Le signor Gradenigo sentit le trait aigu de ce reproche, qui ne servit point la cause de son indiscret frère de lait. Après s’être promené avec agitation pendant quelque temps, il maîtrisa son ressentiment au point de pouvoir répondre avec le calme qui convenait à son rang.

— Antonio, ton caractère et ta hardiesse me sont bien connus. Si tu veux avoir des messes pour les morts et de l’or pour les vivants, je suis prêt à te satisfaire ; mais en demandant ma protection auprès du général des galères, tu demandes ce qui, dans un moment si critique, ne pourrait pas être accordé au fils du doge, si le doge était…

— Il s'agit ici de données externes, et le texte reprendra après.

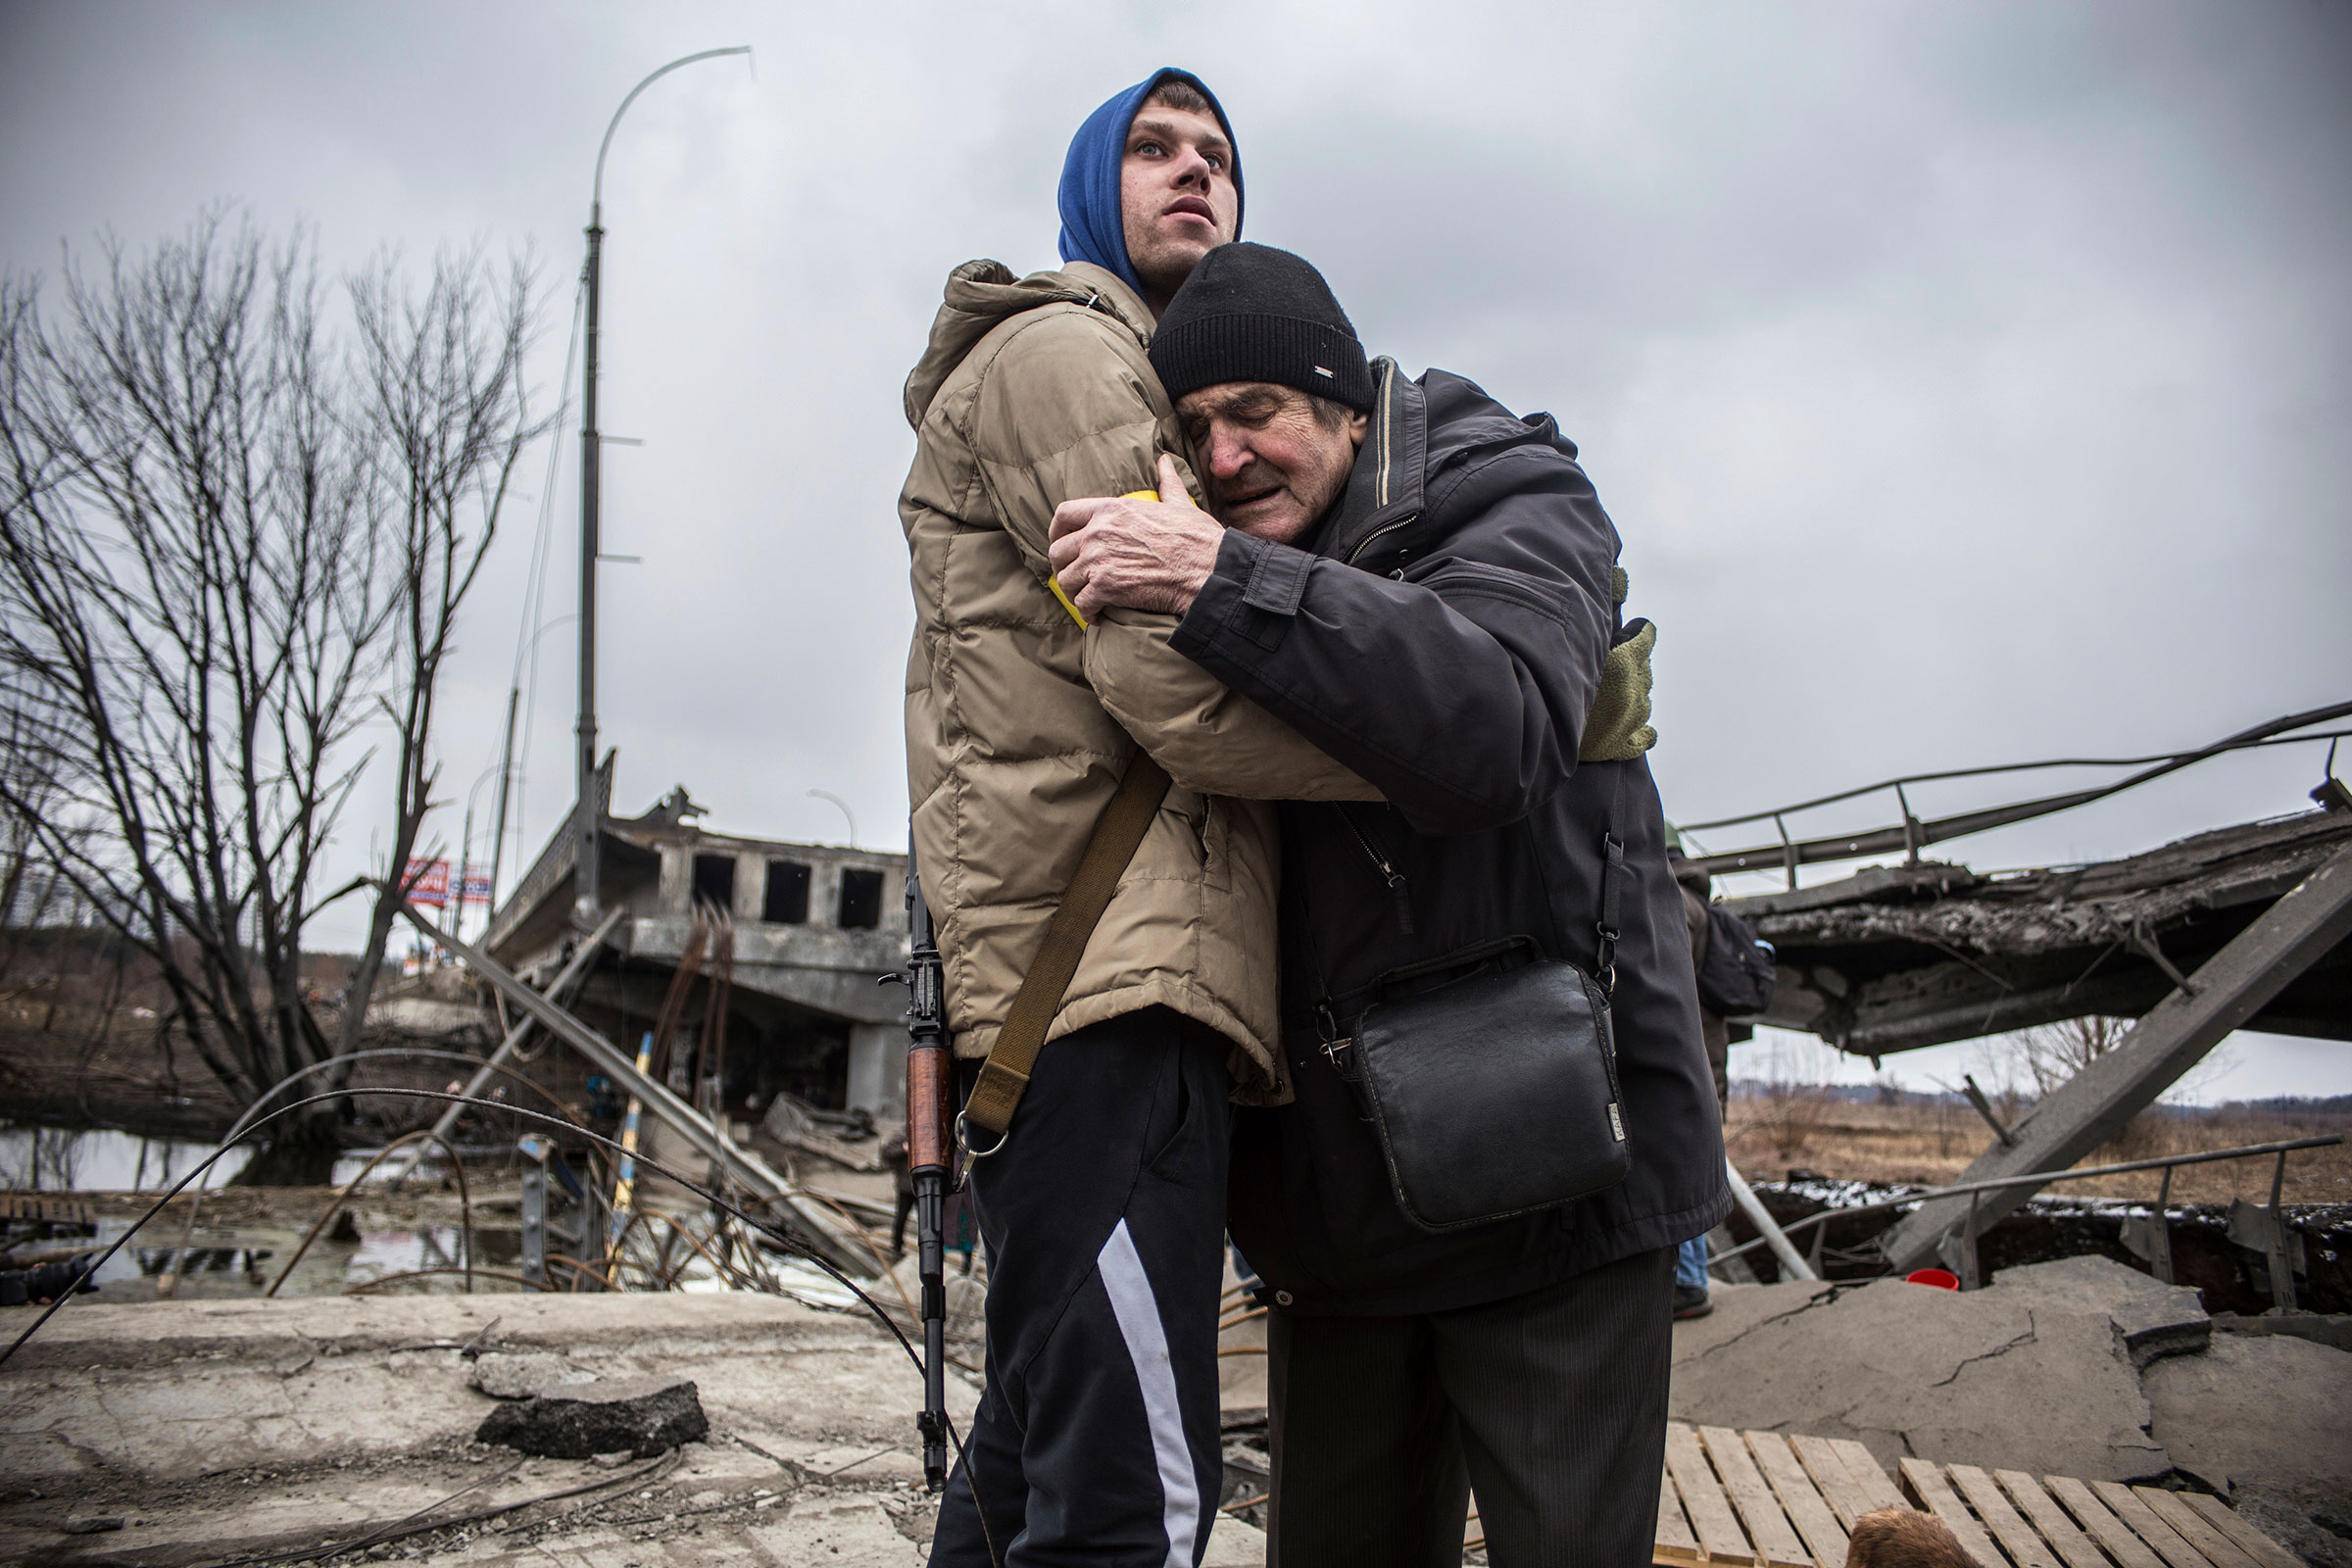 A Ukrainian Territorial Defense Forces member hugs a resident who leaves his home town following Russian artillery shelling in Irpin on March 9. (Oleksandr Ratushniak—AP)

— Un pêcheur ! continua Antonio en observant que le sénateur hésitait. Adieu, Signore ! je ne veux point quitter en colère mon frère de lait, et je prie les saints de vous bénir, ainsi que votre maison. Mais puissiez-vous ne jamais connaître le chagrin de perdre un enfant par quelque chose de bien pire que la mort, le vice !

En cessant de parler, Antonio salua, et quitta l’appartement. Il se retira sans être vu, car le sénateur évitait ses regards, sentant intérieurement toute la force des paroles que le pêcheur avait prononcées dans sa simplicité. Il se passa quelques minutes avant qu’il s’aperçût qu’il était seul. Un nouveau bruit attira bientôt son attention : la porte se rouvrit, et un valet parut annonçant qu’un homme demandait une audience particulière.

— Qu’il entre ! répondit le sénateur dont les traits reprirent subitement leur expression habituelle.

Le valet se retira, et une personne masquée et portant un manteau entra précipitamment dans la chambre. Lorsque ce déguisement fut enlevé, le sénateur reconnut la taille et le visage du redoutable Jacopo.